「戦争の記憶」のその先にある未来への責任(コロンビア大学特別講義)
Newsweek Japan
<なぜ今、第2次世界大戦の「記憶」について学ぶのか。全4回の連続講義を終えて、米コロンビア大学のキャロル・グラック教授が学生たちと導き出した未来への教訓とは? 本誌3月27日発売最新号「歴史への責任」特集より>
17年11月に始まった全4回のコロンビア大学特別講義は、2月13日開催の最終回(本号掲載)をもって終了した。本誌が講義を依頼したキャロル・グラック教授(写真)は、数十年前からさまざまな国の「戦争の記憶」について研究し続けてきた。グラックはなぜ、「歴史的事実」と「記憶」を分けて考え、理解することが重要だと考えるのか。第二次世界大戦の記憶が問い掛ける、未来に対する責任とは何か。全4回の講義を終えて、本誌ニューヨーク支局の小暮聡子が話を聞いた。
【参考記事】コロンビア大学特別講義・第1回より:
歴史問題はなぜ解決しないか
「歴史」とは、「記憶」とは何か
歴史と向き合わずに和解はできるのか
【参考記事】コロンビア大学特別講義・第2回より:
メディアが単独で戦争の記憶をつくるのではない
【参考記事】コロンビア大学特別講義・第3回より:
慰安婦像が世界各地に増え続けるのはなぜか
――講義の中で、原爆投下は道義的に正しいかどうかを疑問視する視点があるにもかかわらず、アメリカではそれを正当化する物語が支配的であり続けたと言っていた。なぜなのか。

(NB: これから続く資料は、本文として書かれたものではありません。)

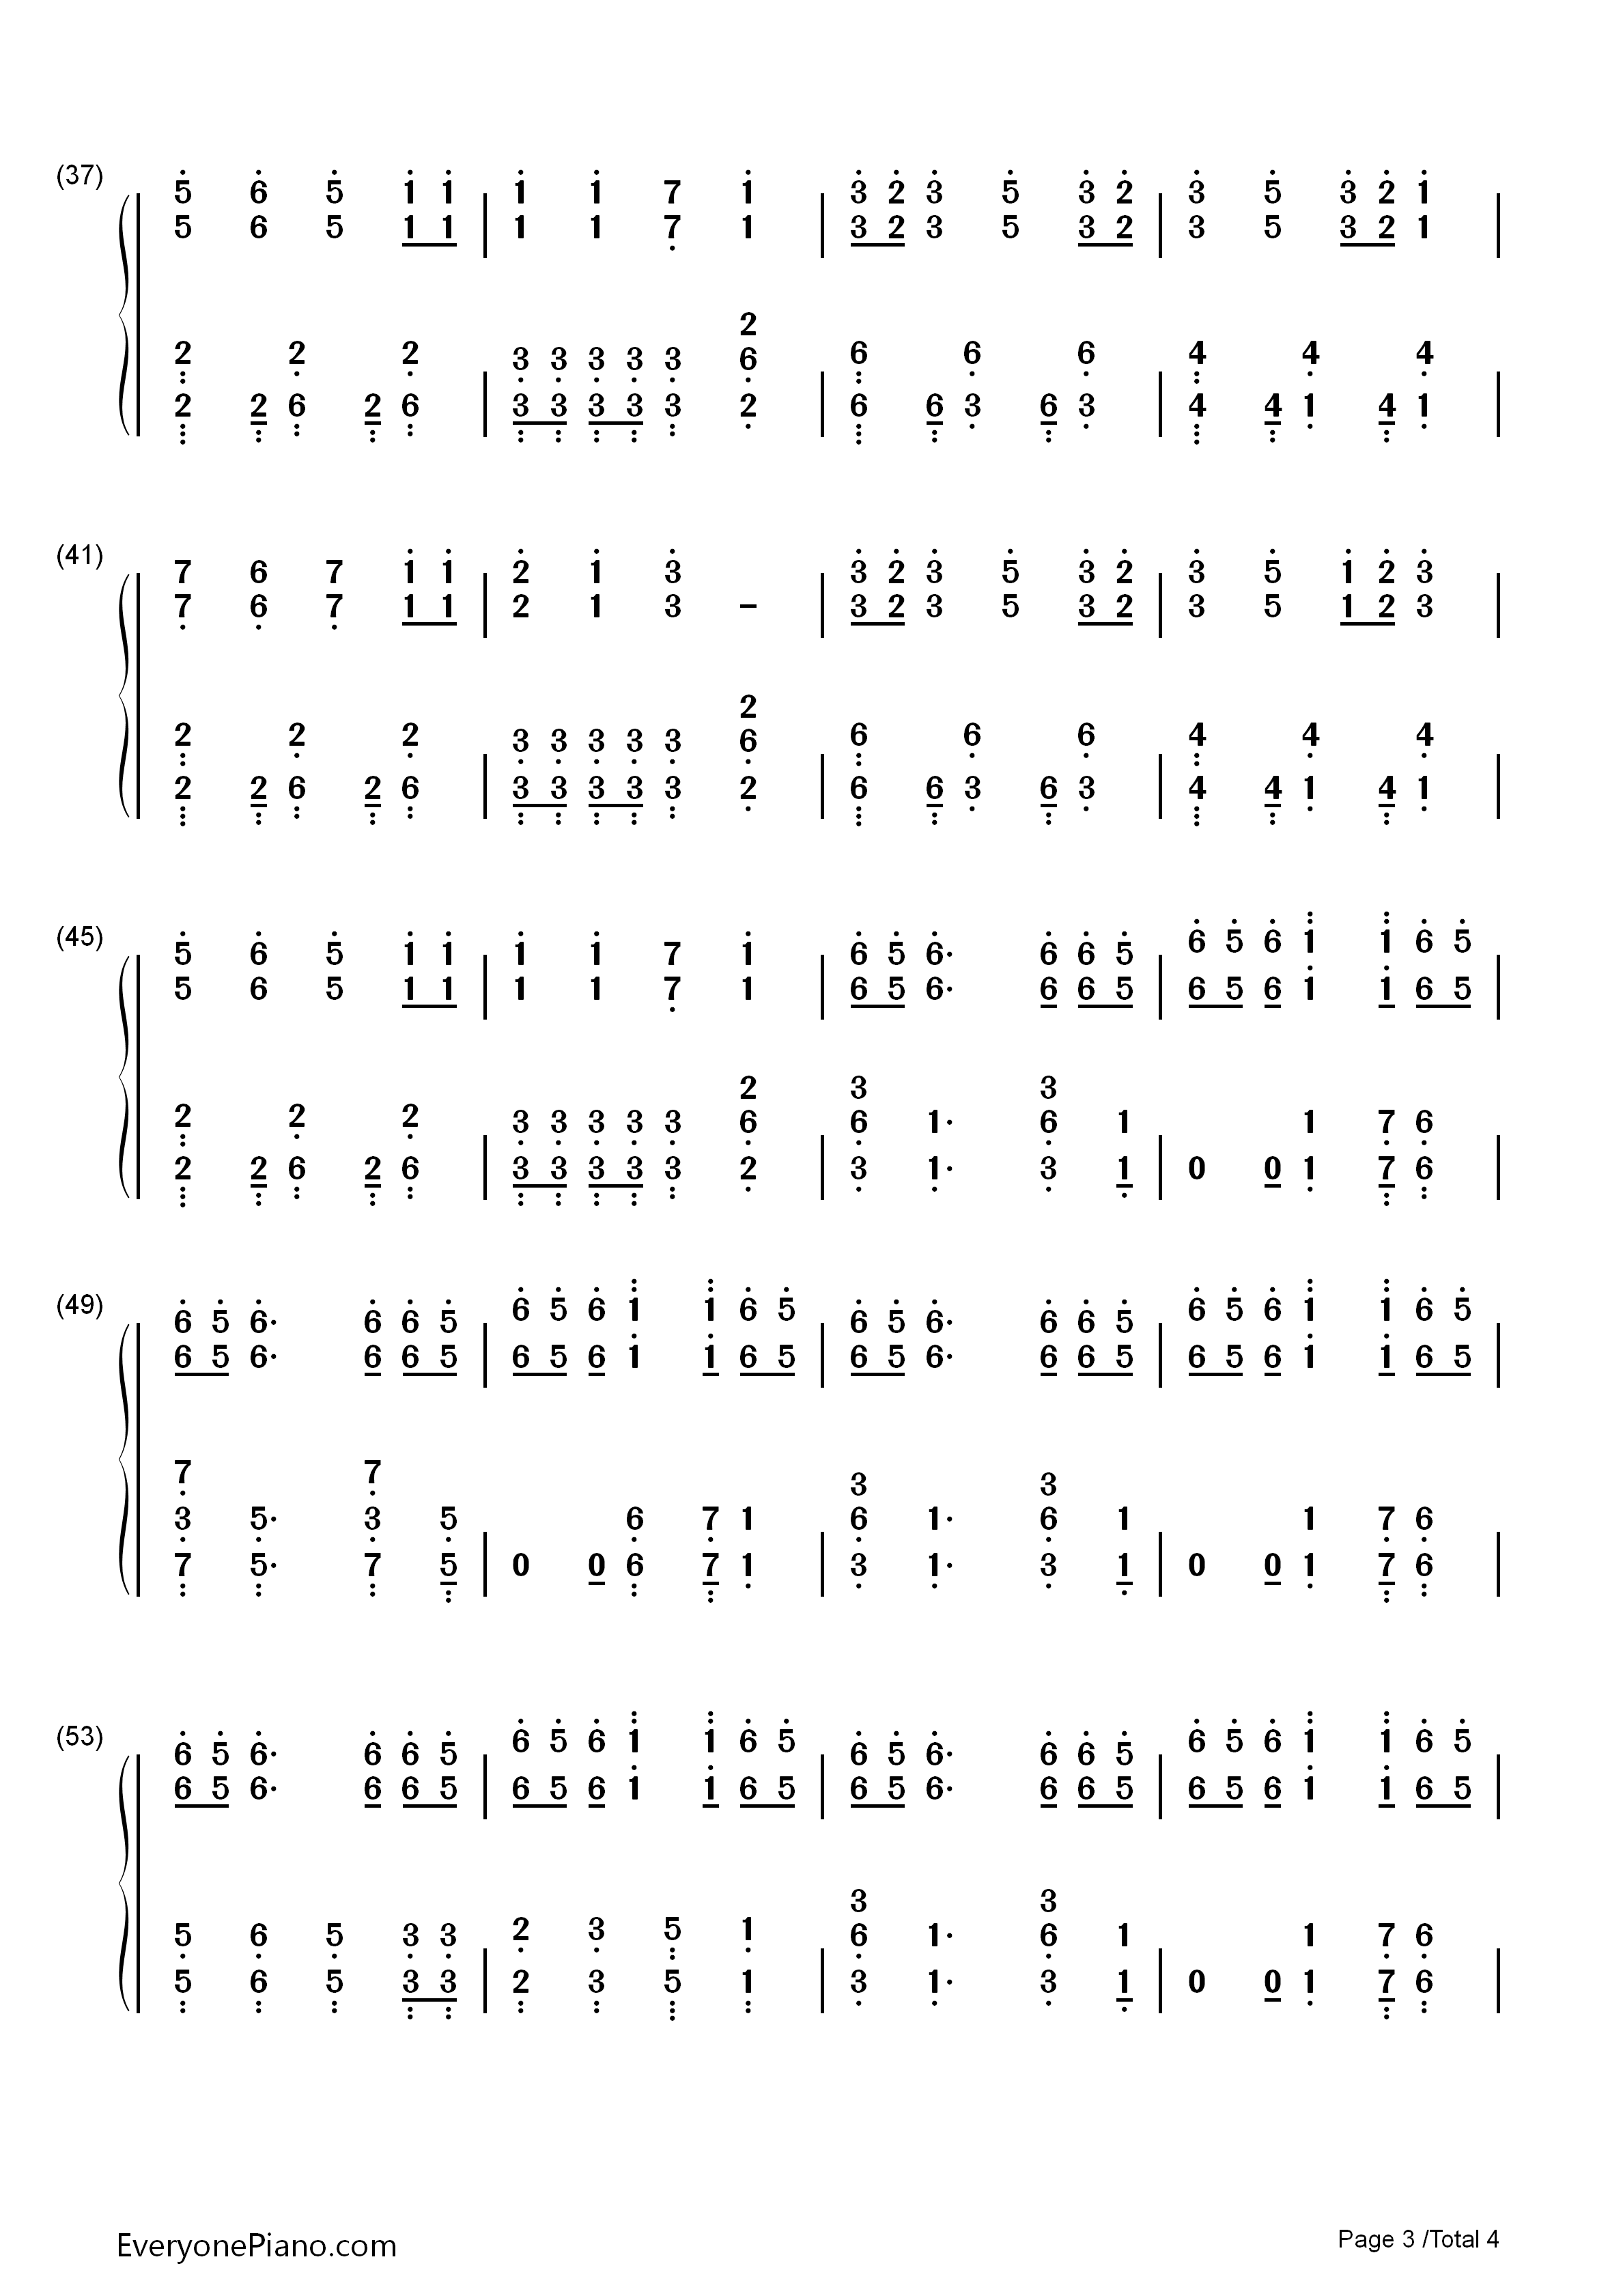 question-暗杀教室第二季op双手简谱预览3-钢琴谱(

これまでに話してきたように、ある国の戦争の物語というのは長く生き続けることが多い。その筋書きが歴史的事実を正確に伝えるにはシンプル過ぎる白黒物語であったとしても、変わりにくいと言える。多くの日本人は今でも、「太平洋戦争」というと、その4年前の37年7月に始まっていた中国との戦争というより、真珠湾攻撃からヒロシマと降伏までを思い浮かべる。このシリーズの第1回と4回の表紙もその例だろう。
ほとんどのアメリカ人は第二次世界大戦を、ナチスの巨悪と日本の軍事的侵略に対して戦った「よい戦争」だと考えている。こうした物語は早い時期から今まで、共通の記憶の中に定着してきた。原爆についても、アメリカ人が「戦争を終わらせ、アメリカ人の命を救った」ものと記憶している一方で、日本人にとっては「戦後の平和への使命」を与えたものとして長い間語られてきた。

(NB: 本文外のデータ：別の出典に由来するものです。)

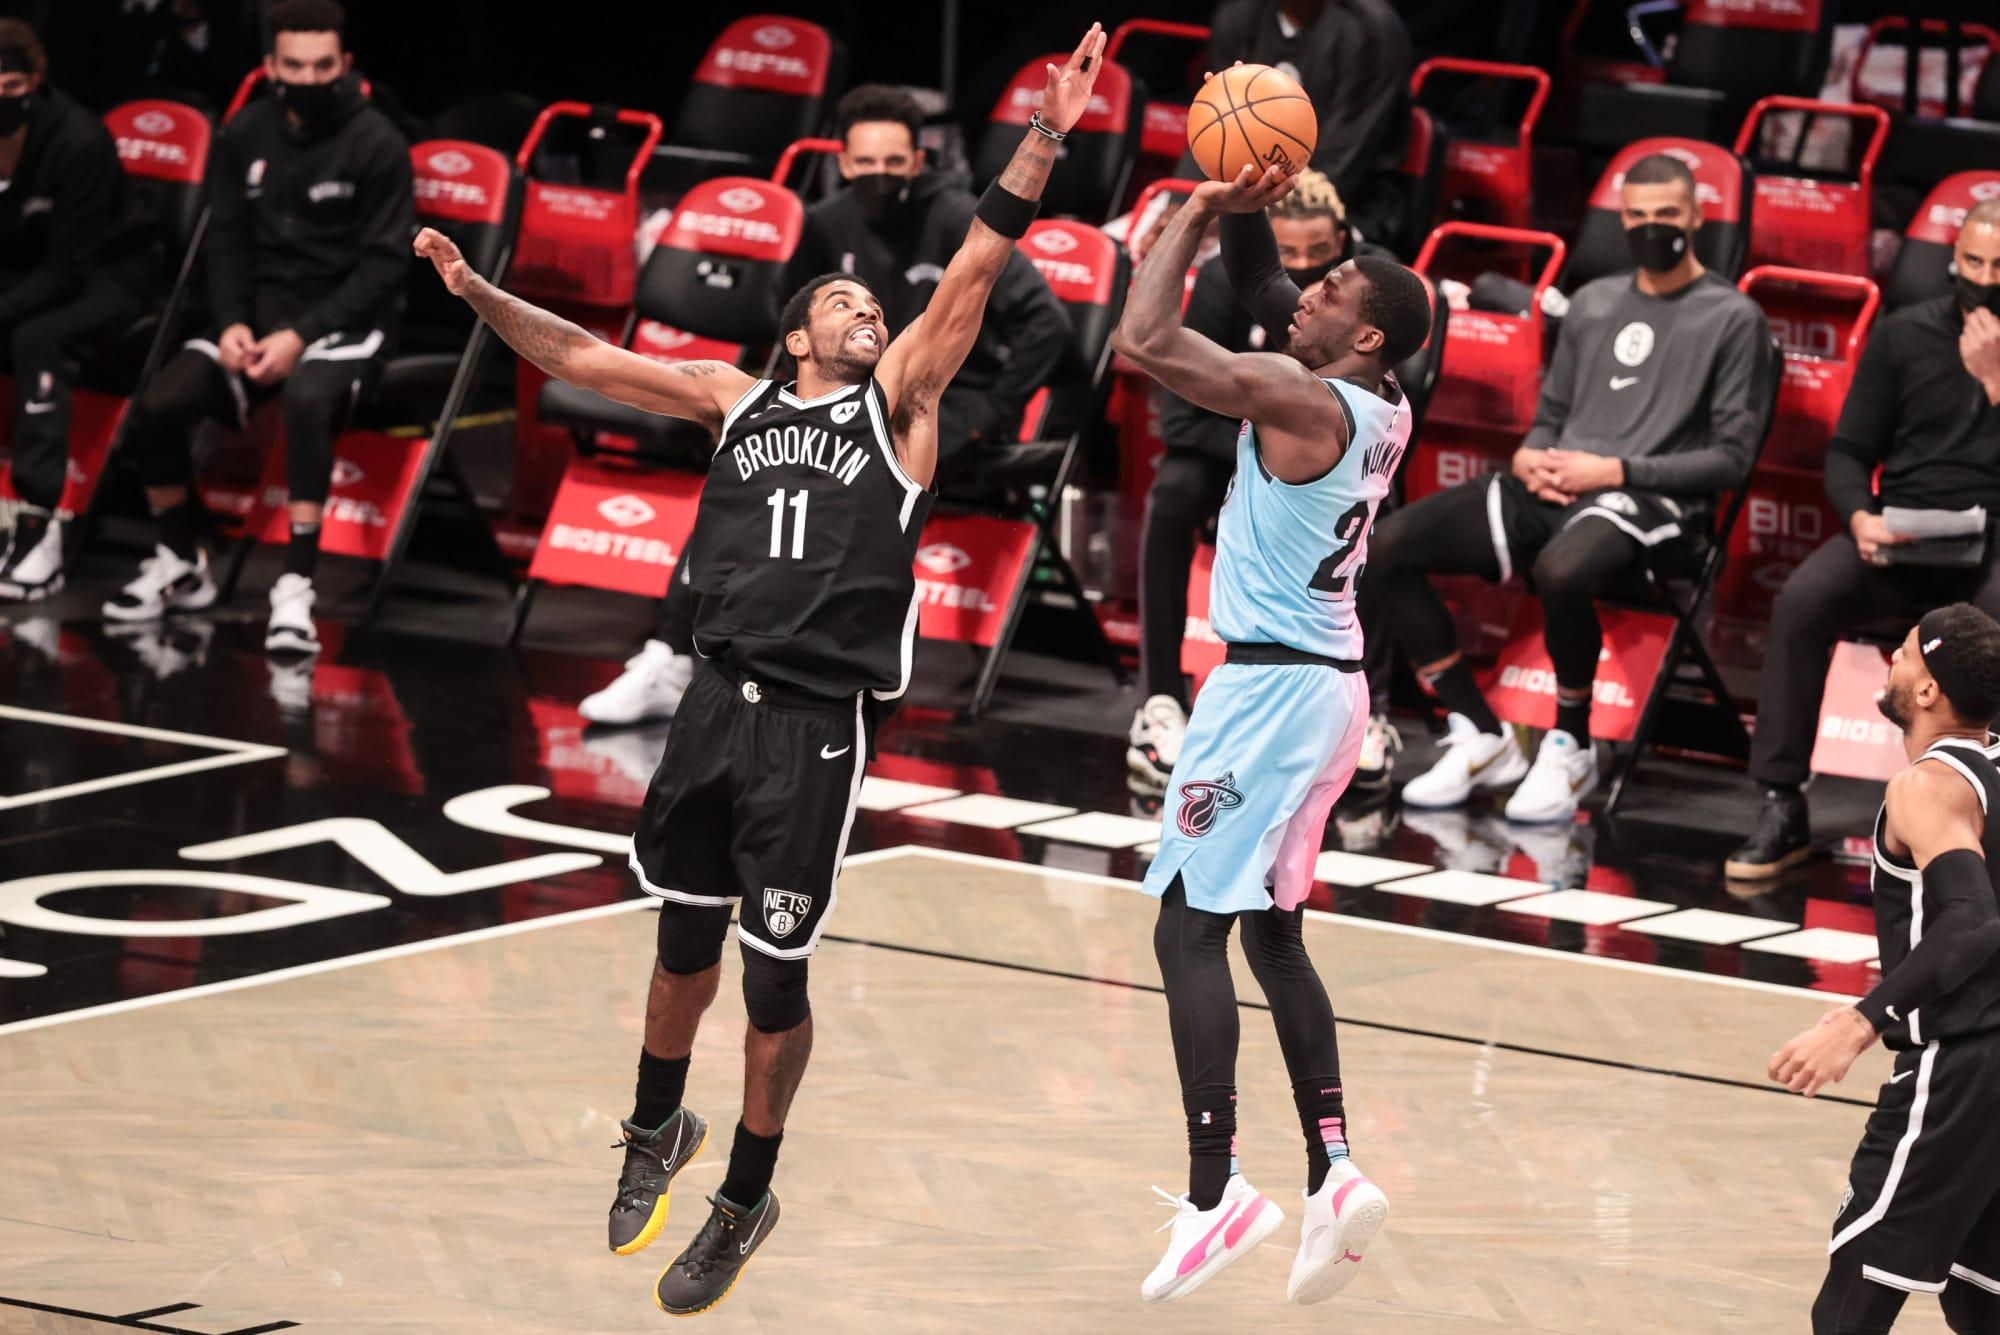 Miami Heat: Kendrick Nunn is having a resurgence amid team struggles

この2つの物語が変わることがなかったのは、戦後の歴史的背景、つまり平和で豊かな日本、日米同盟、核戦争の恐怖などがそれを支えてきたからかもしれない。
道義的な疑問に関しては、無差別かつ大量に一般市民を殺すという意味で、原爆だけでなく地域爆撃にも当てはまるだろう。しかし、核の脅威が増している現在は、原爆についてその教訓を記憶するだけではなく、原爆がどういう状況でなぜ開発されて使用されたのかという、歴史的事実を理解することが重要だろう。そうしないと、また繰り返されるかもしれない。
――これまで数十年もの間、「戦争の記憶」について研究してきた動機について教えてほしい。そもそもなぜこのテーマに取り組もうと思ったのか。
私が第二次世界大戦の記憶をテーマに選んだというより、私がこのテーマに選ばれたように思う。南京虐殺から50周年の87年、真珠湾攻撃から50周年の91年、戦後50周年の95年、戦後70周年の2015年と、節目の年が次から次へとやって来た。歴史家として過去の戦争について発言を求められるたびに、さまざまな国で戦争の記憶が歴史的事実を歪曲したり無視したりしていることに気付いた。つまりこれは、「いい記憶、悪い歴史」だと。
こうした考えから、戦争の記憶が世界の国々でどのように作られ、変化するのかを研究し始めた。共通の記憶がどのように作用するのかを理解することは、「いい記憶、いい歴史」の方向に変えていこうとする試みの第一歩だと思ったからだ。これまでの試みはあまり成功してきているとは言えないが、今後も諦めるつもりはない。